Wednesday, February 27, 2008

Shameless

The following is a response on the CNN message board to a story about the recent death of William F. Buckley. I ASSUME it's from an Obama supporter...

As an avid Obama supporter, an independent with liberal leanings, and a woman, I am sad to hear of William Buckley's death.

He was an intellect, a scholar and exactly the kind of conservative to lead intelligent discourse on many subjects. I usually did not agree with his opinions, but always found them thoughtful and provocative (in the best sense of the word).
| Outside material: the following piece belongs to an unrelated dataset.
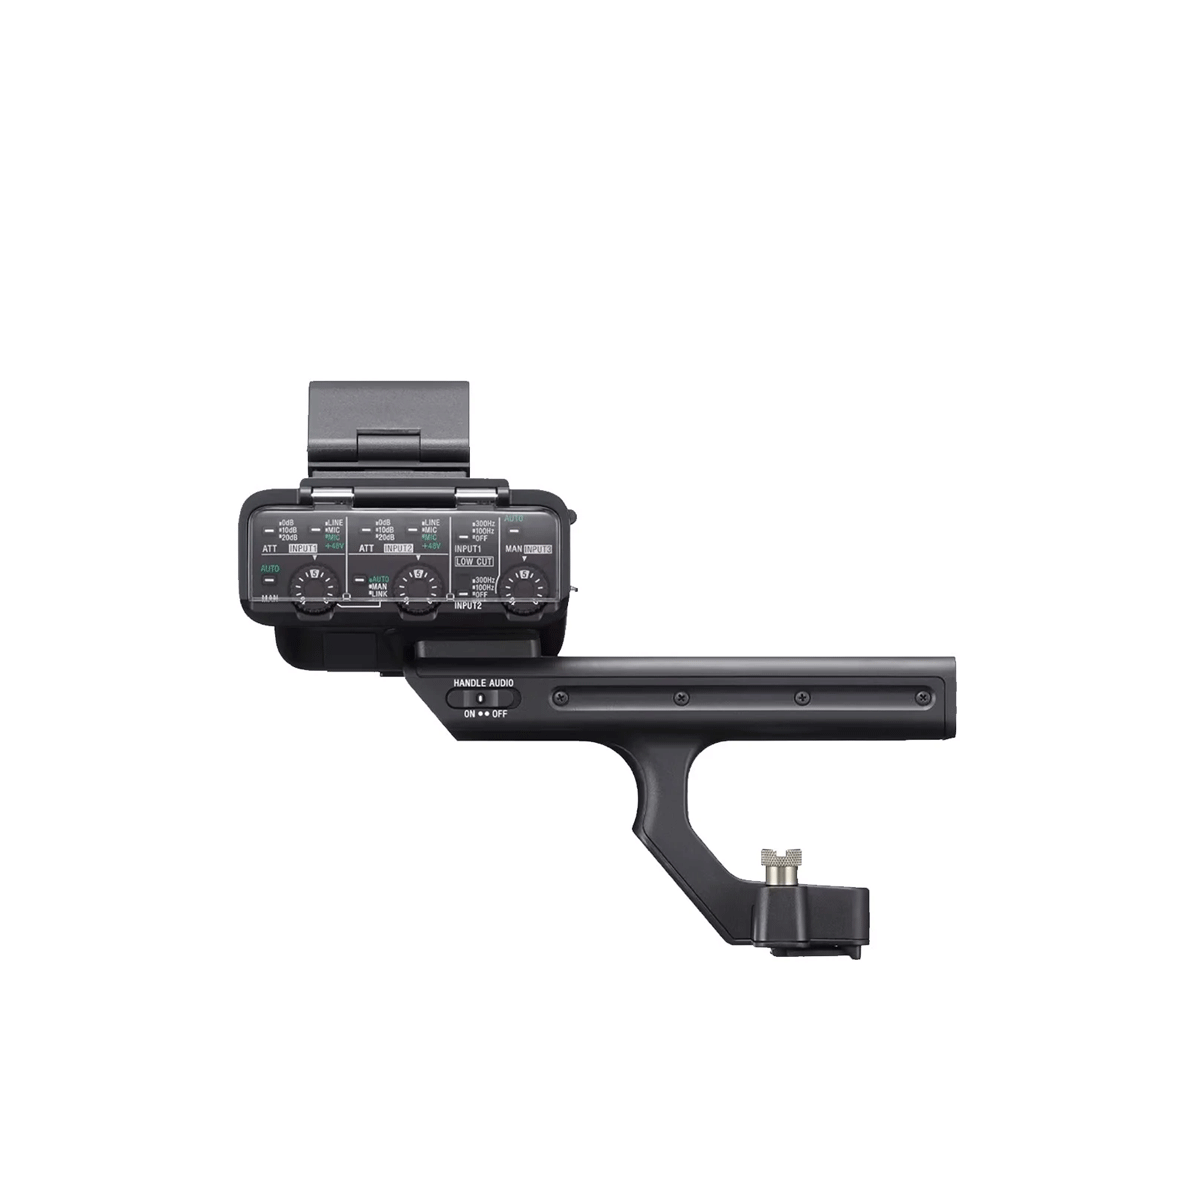  Tay cầm Sony XLR-H1 cho máy quay chuyên dụng - Hàng chính hãng 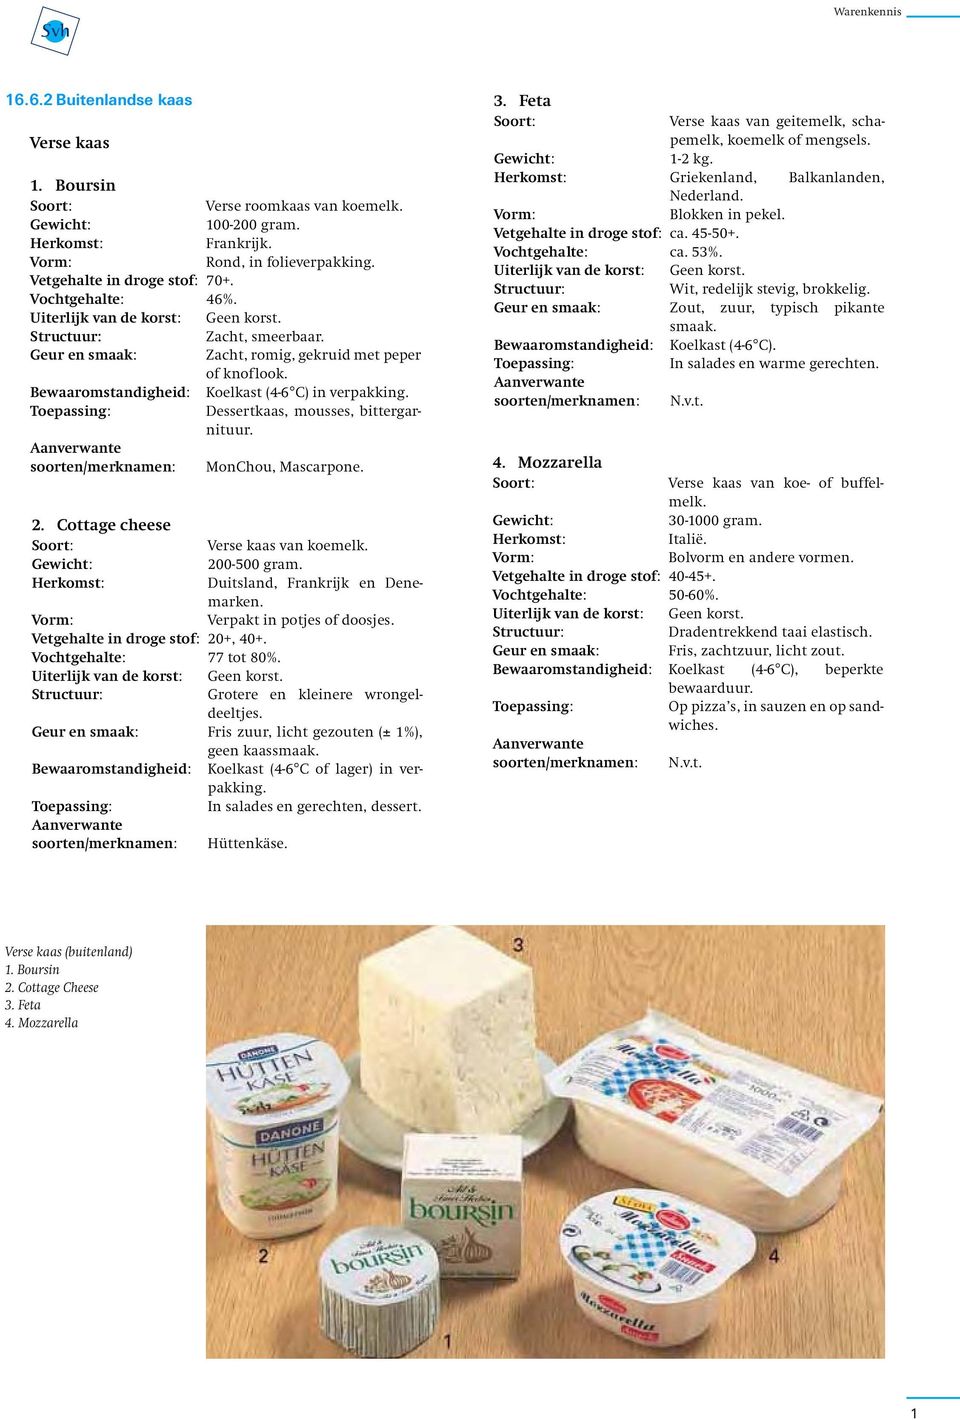 Cottage cheese Verse kaas van koemelk. 200-500 gram. Duitsland, Frankrijk en Denemarken. Verpakt in potjes of doosjes. Vetgehalte in droge stof: 20+, 40+. Vochtgehalte: 77 tot 80%.

I would like to think that Mr. Buckley was exactly the kind of person that Senator Obama would welcome into discussions when speaking of including diverse groups and opinions.


Am I the only one who thinks that this is a Shameless plug from an Obama supporter?

For some reason, these Obamanites remind me more and more of the old saying... "Dear Lord, Save me from your Followers"

I'm Mad as Hell...

I am just Fired Up this morning.
It's all because of the MSNBC Obama Orgy...er Democratic debate that occurred last night.
Keith Oberman use to be a favorite of mine but after watching him wallow in his own Obama spew last night he is quickly joining my list of self important assholes with the likes of Rush Limbaugh and Bill O'Riley.
It's one thing for an Obama supporter to join the panel and discuss his or her take on the events of the evening but when the host of the evening just flat out displays favoritism for one candidate and their dislike for the other, you really have to question the credibility of the Network. Save it for your own show Oberman!
Then there is Tim Russert... If he had been allowed to go on any longer with his list of hypothetical/what if questions I have no doubt we would have eventually gotten to whether or not we should retaliate if Monkeys started flying out of his Ass! (and i would have to vote yes!)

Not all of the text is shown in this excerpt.